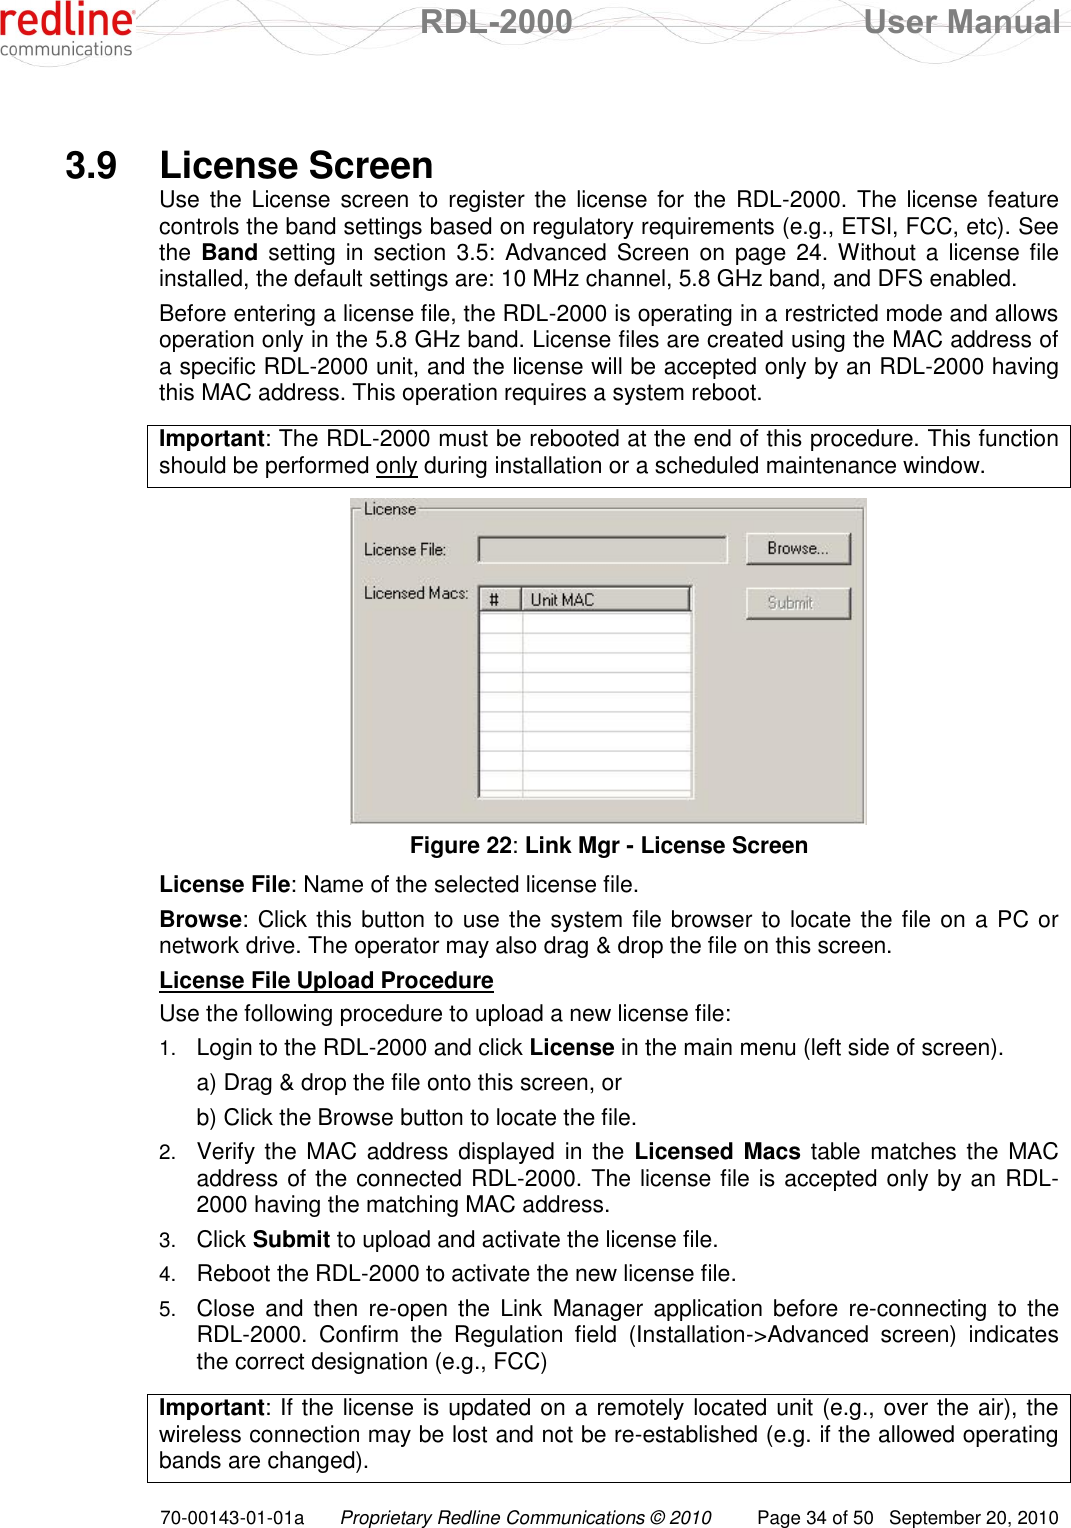  RDL-2000  User Manual 70-00143-01-01a Proprietary Redline Communications © 2010  Page 34 of 50  September 20, 2010    3.9  License Screen Use the License screen  to  register the license for the RDL-2000. The license feature controls the band settings based on regulatory requirements (e.g., ETSI, FCC, etc). See the  Band setting  in section 3.5: Advanced Screen on page 24. Without a  license  file installed, the default settings are: 10 MHz channel, 5.8 GHz band, and DFS enabled. Before entering a license file, the RDL-2000 is operating in a restricted mode and allows operation only in the 5.8 GHz band. License files are created using the MAC address of a specific RDL-2000 unit, and the license will be accepted only by an RDL-2000 having this MAC address. This operation requires a system reboot.  Important: The RDL-2000 must be rebooted at the end of this procedure. This function should be performed only during installation or a scheduled maintenance window.    Figure 22: Link Mgr - License Screen License File: Name of the selected license file.  Browse: Click this button to use the system file browser to locate the file on a PC or network drive. The operator may also drag &amp; drop the file on this screen. License File Upload Procedure Use the following procedure to upload a new license file: 1. Login to the RDL-2000 and click License in the main menu (left side of screen).   a) Drag &amp; drop the file onto this screen, or   b) Click the Browse button to locate the file. 2. Verify the  MAC address displayed  in the Licensed Macs table matches the  MAC address of the connected RDL-2000. The license file is accepted only by an RDL-2000 having the matching MAC address. 3. Click Submit to upload and activate the license file. 4. Reboot the RDL-2000 to activate the new license file. 5. Close  and  then  re-open  the  Link  Manager  application  before  re-connecting to  the RDL-2000.  Confirm  the  Regulation  field  (Installation-&gt;Advanced  screen)  indicates the correct designation (e.g., FCC)   Important: If the license is updated on a remotely located unit (e.g., over the air), the wireless connection may be lost and not be re-established (e.g. if the allowed operating bands are changed). 
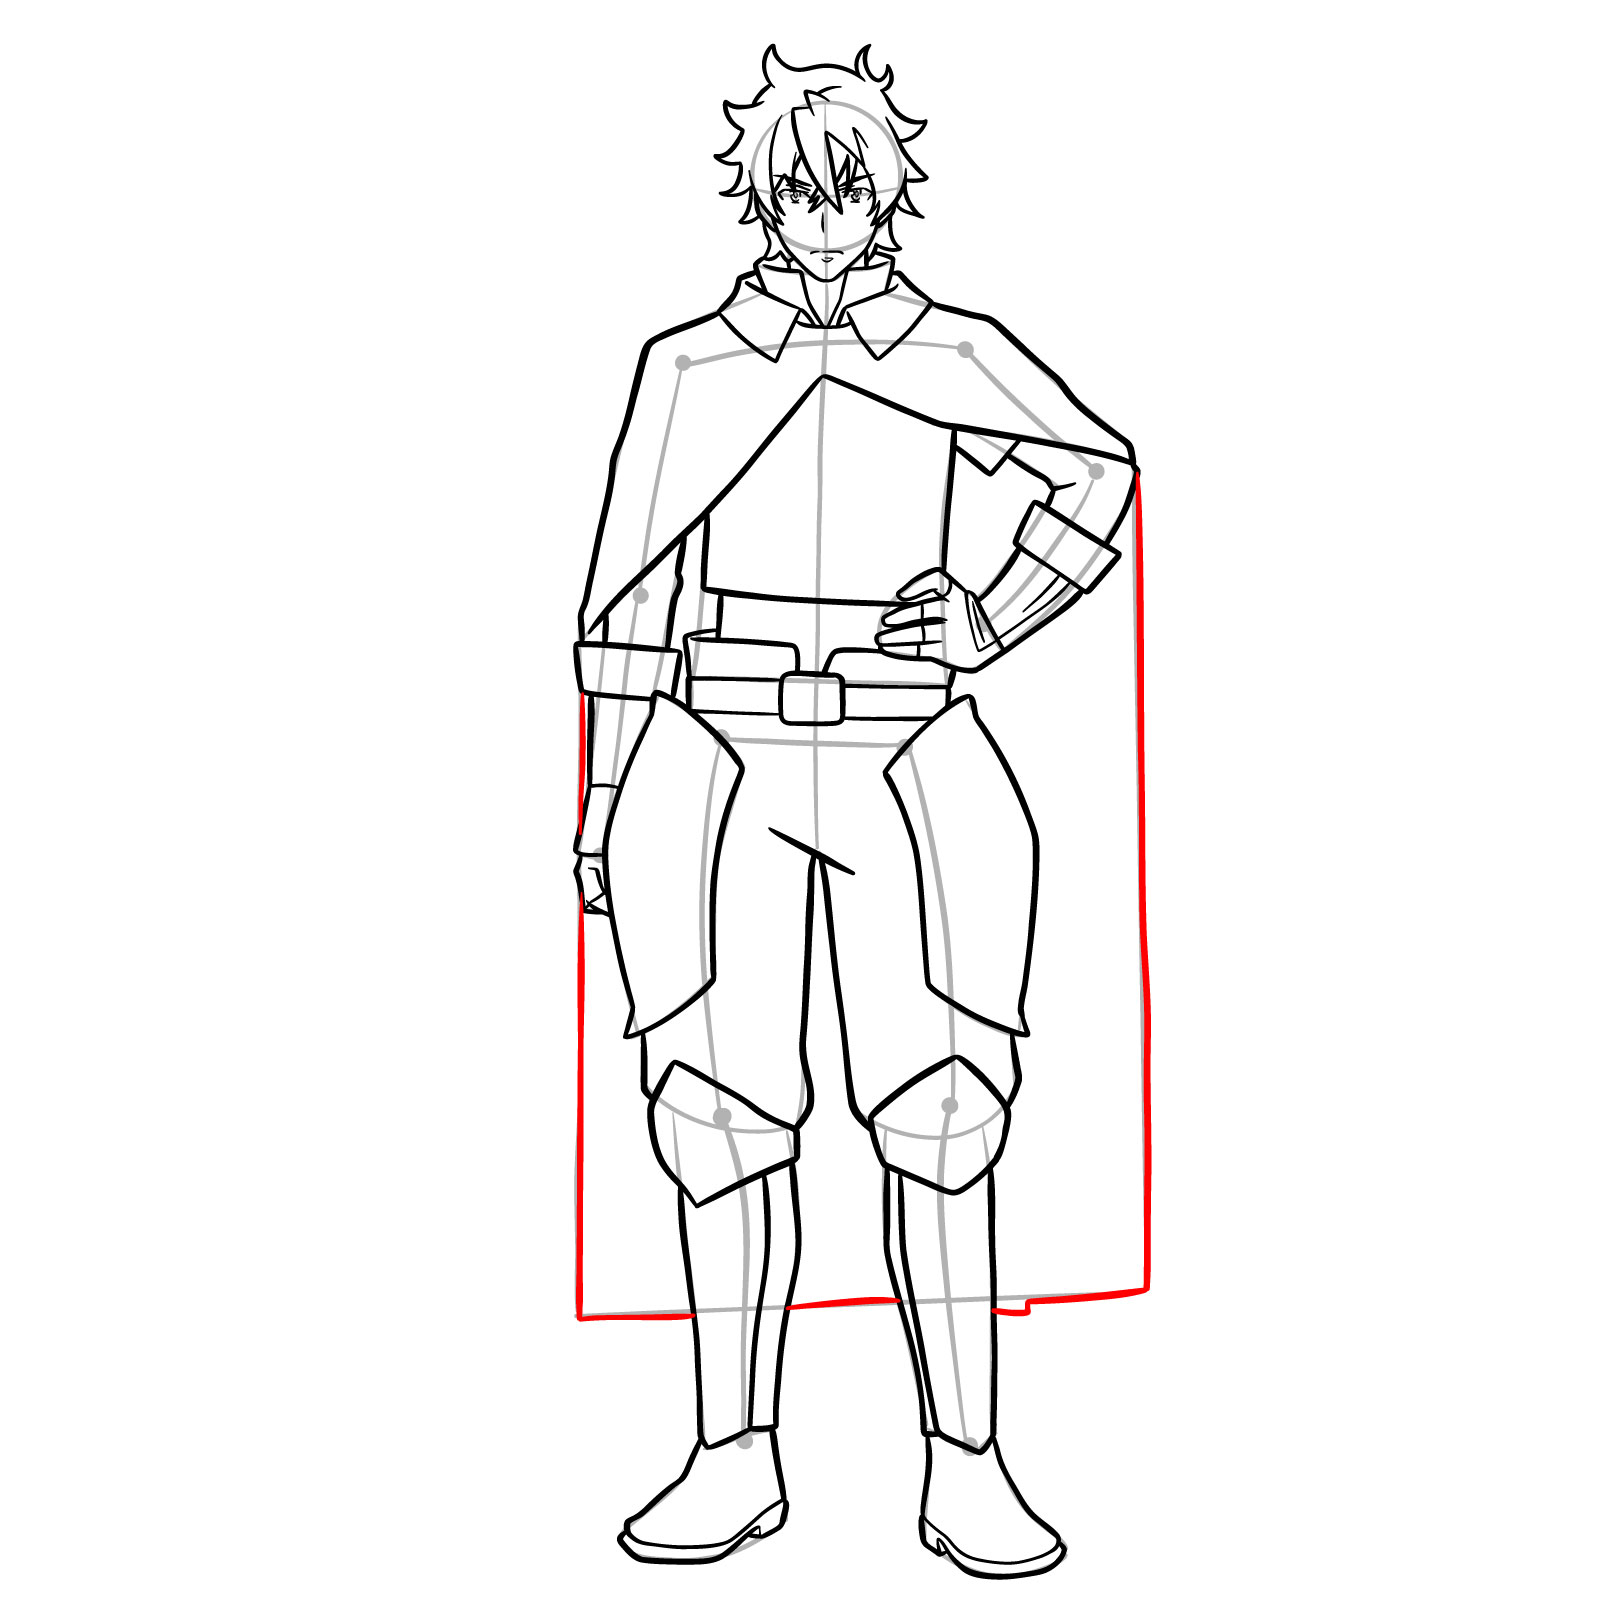 How to draw Naofumi Iwatani from The Rising of the Shield Hero - step 23
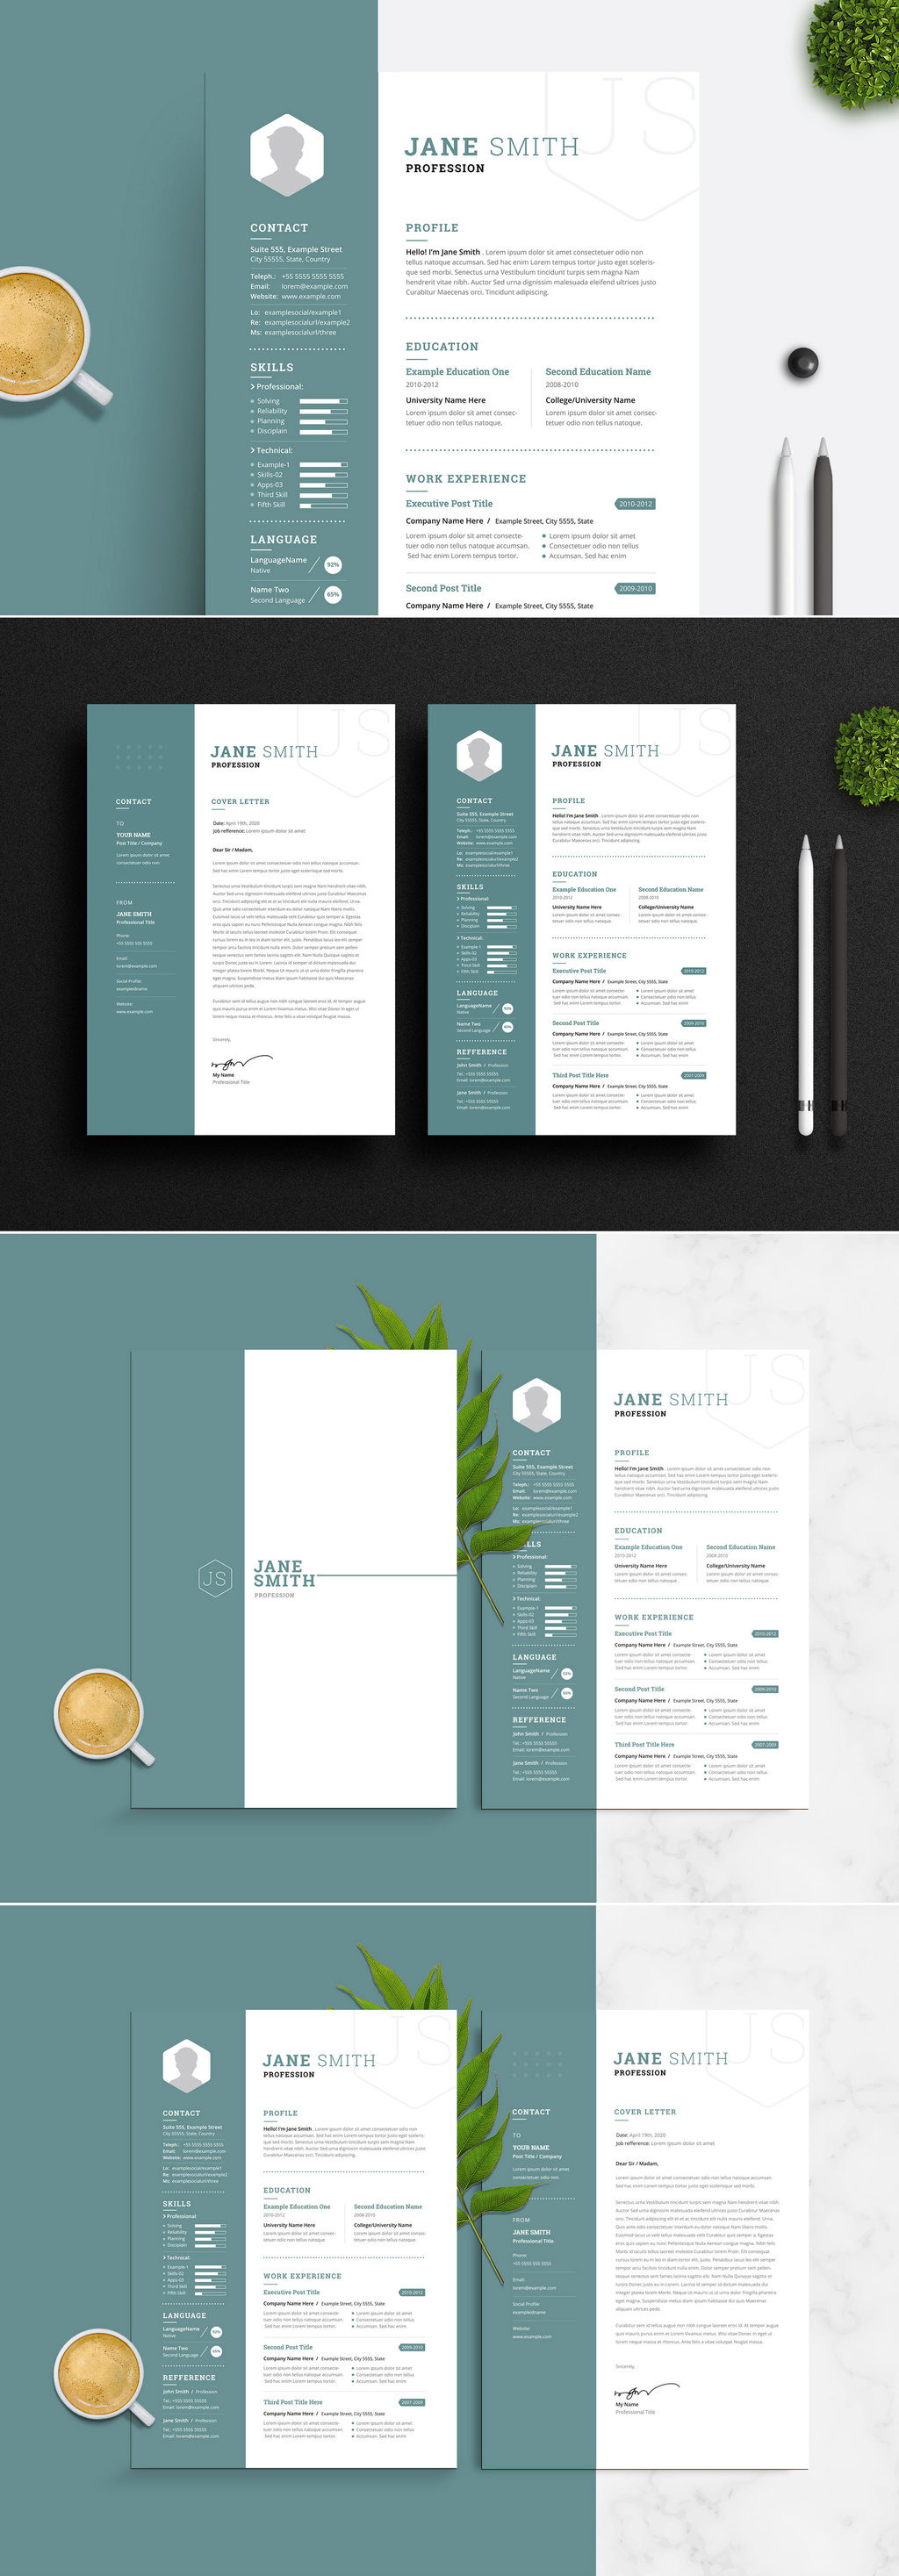 Adobe InDesign Resume and Cover Letter Template

============

- Exercise brief -
Starting with the line that contains "How to draw", copy every line word for word through the end of the listing above, but leave out the pictures.

- Exercise result -
 How to draw Naofumi Iwatani from The Rising of the Shield Hero - step 23
 Adobe InDesign Resume and Cover Letter Template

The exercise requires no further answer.